He now says his life is in “grave danger” after social-media threats and, he claims, hostile official comment from some security actors.

This report examines the interview and the video in context. It places the recent Heipang killings within two decades of cyclical violence in Plateau State. The report analyzes official responses, including a military rebuttal to Dachomo’s claims. It also explores why a viral video can document atrocity and inflame an already combustible environment.

What Dachomo filmed and why it matters

Dachomo told Punch he filmed the burials to preserve evidence and strengthen the faith of future generations who, he said, must know what “we were terrorised and persecuted” for.

He framed the clip as both documentary and witness: a record that Christians, he insists, are being systematically targeted in the north. The interview contains graphic descriptions — children “butchered without conscience”, abducted wives and attacks on hospitals — and an appeal for international attention.

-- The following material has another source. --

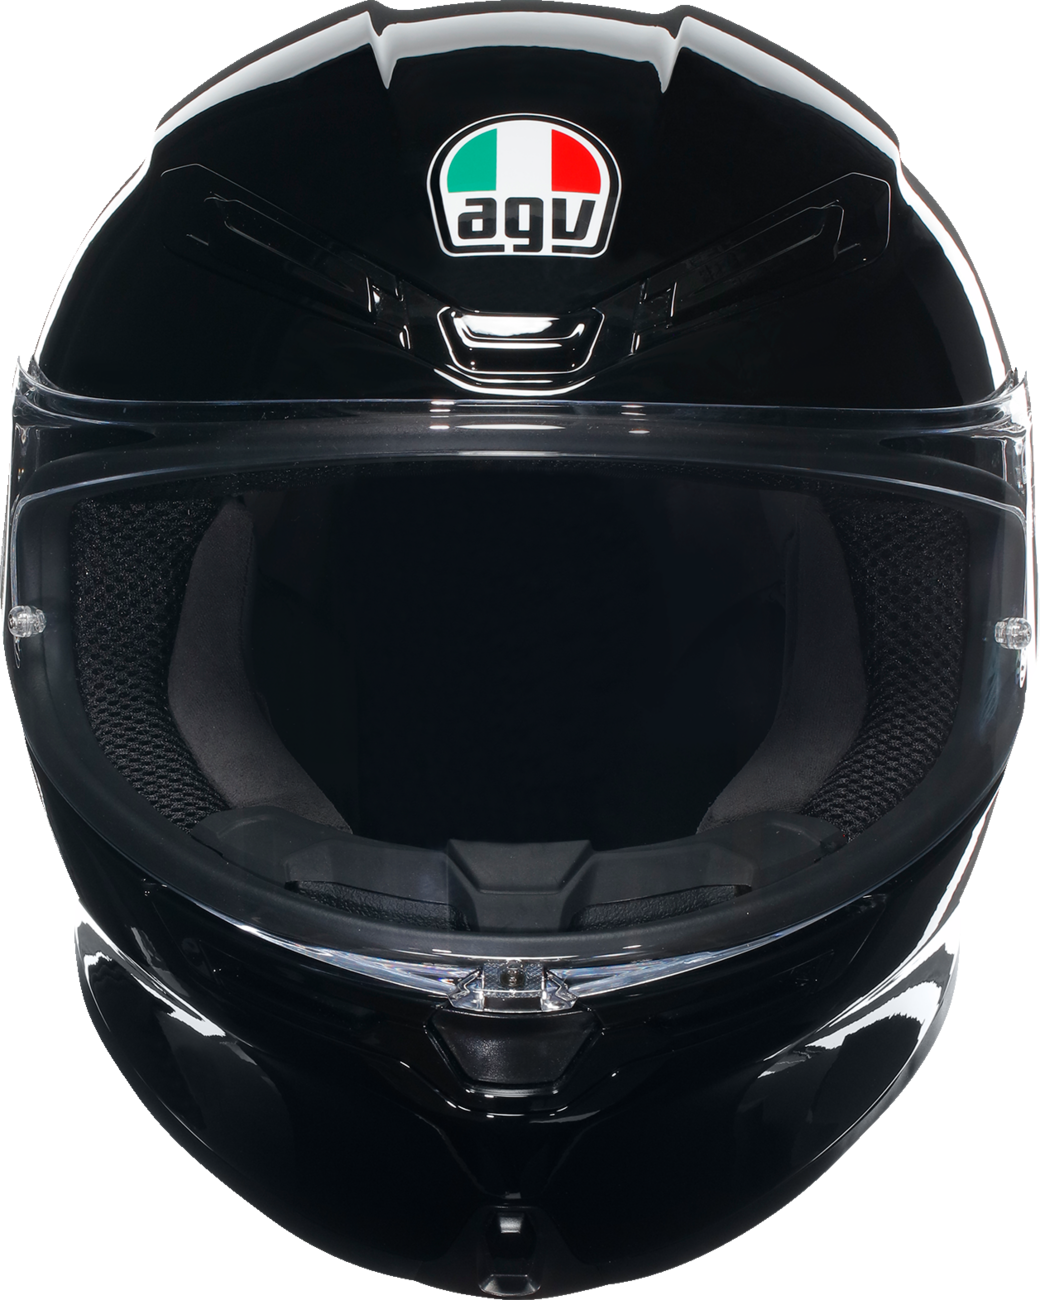 AGV K6 S Helmet - Black - Medium 2118395002009M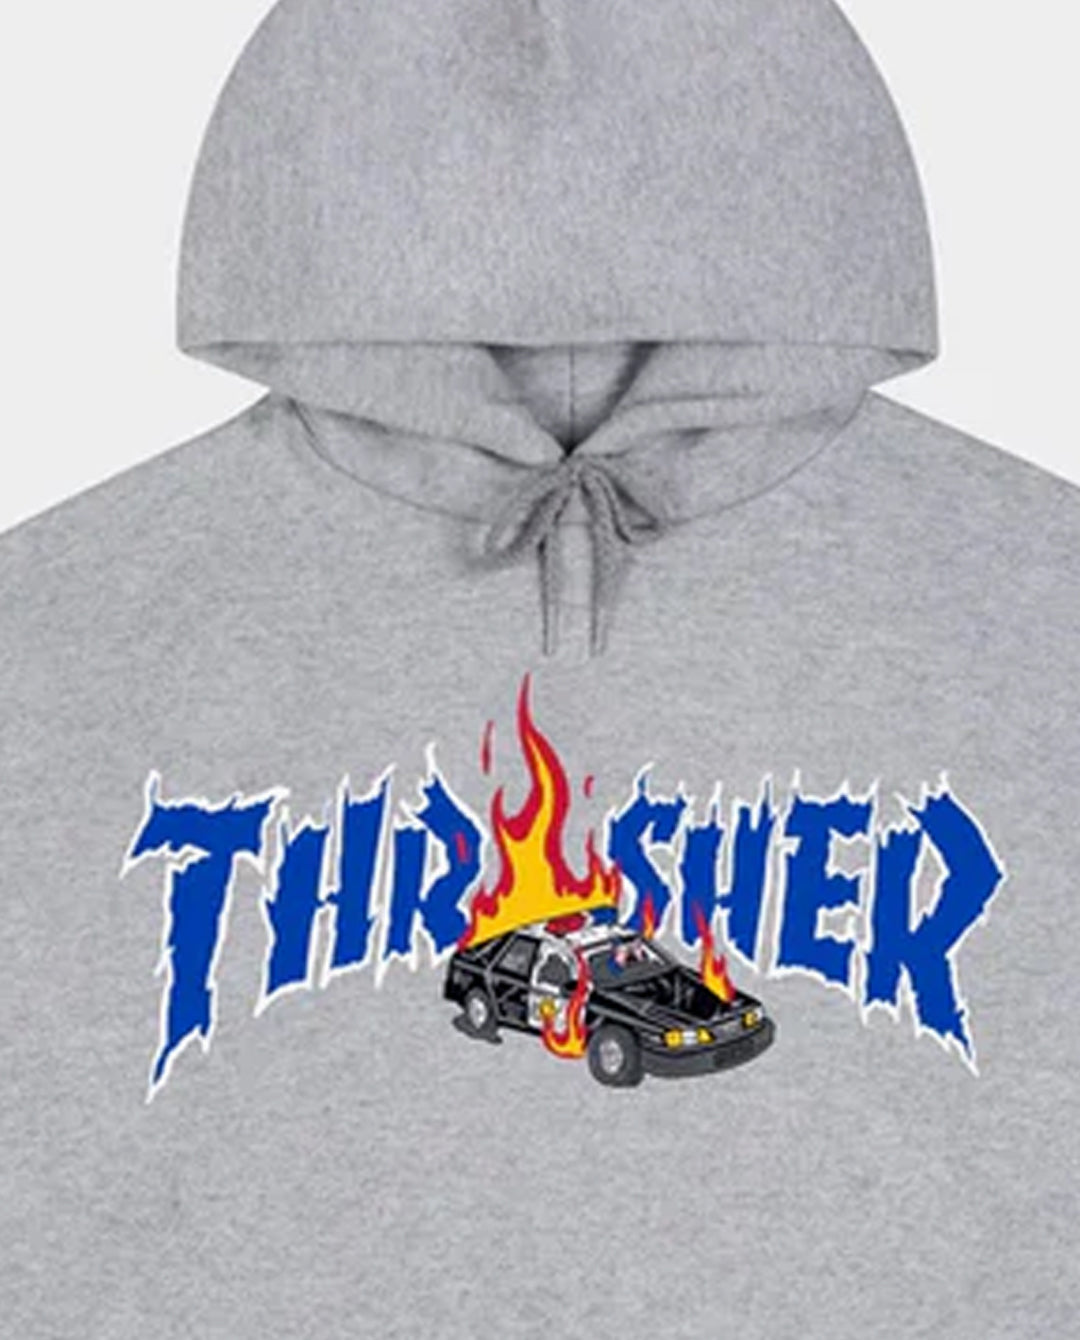 Thrasher - Neckface Cop Car Hood - Grey

Independent reporting confirms that a series of attacks in mid-October and into this month left at least a dozen people dead in Barkin Ladi and neighbouring local government areas, including villages in the Heipang district. Local authorities and press outlets recorded separate incidents and subsequent mass burials in mid-October. (Vanguard News)

That combination of fresh local fatalities and Dachomo’s public, visual record explains why the clip spread. In societies where formal investigations are weak and official transparency limited, videos taken at scenes of violence often become core evidence — and, at the same time, accelerants of communal emotion.

Military Response and the Risks of Narrative

The Nigerian Army publicly challenged Dachomo’s narrative within days of the video circulating, accusing him of spreading inflammatory and unverified claims that risk fuelling communal tensions. The military’s media arm described the clip as propaganda and warned against incitement. Local coverage of the army’s statement was reported widely by national outlets and on social media.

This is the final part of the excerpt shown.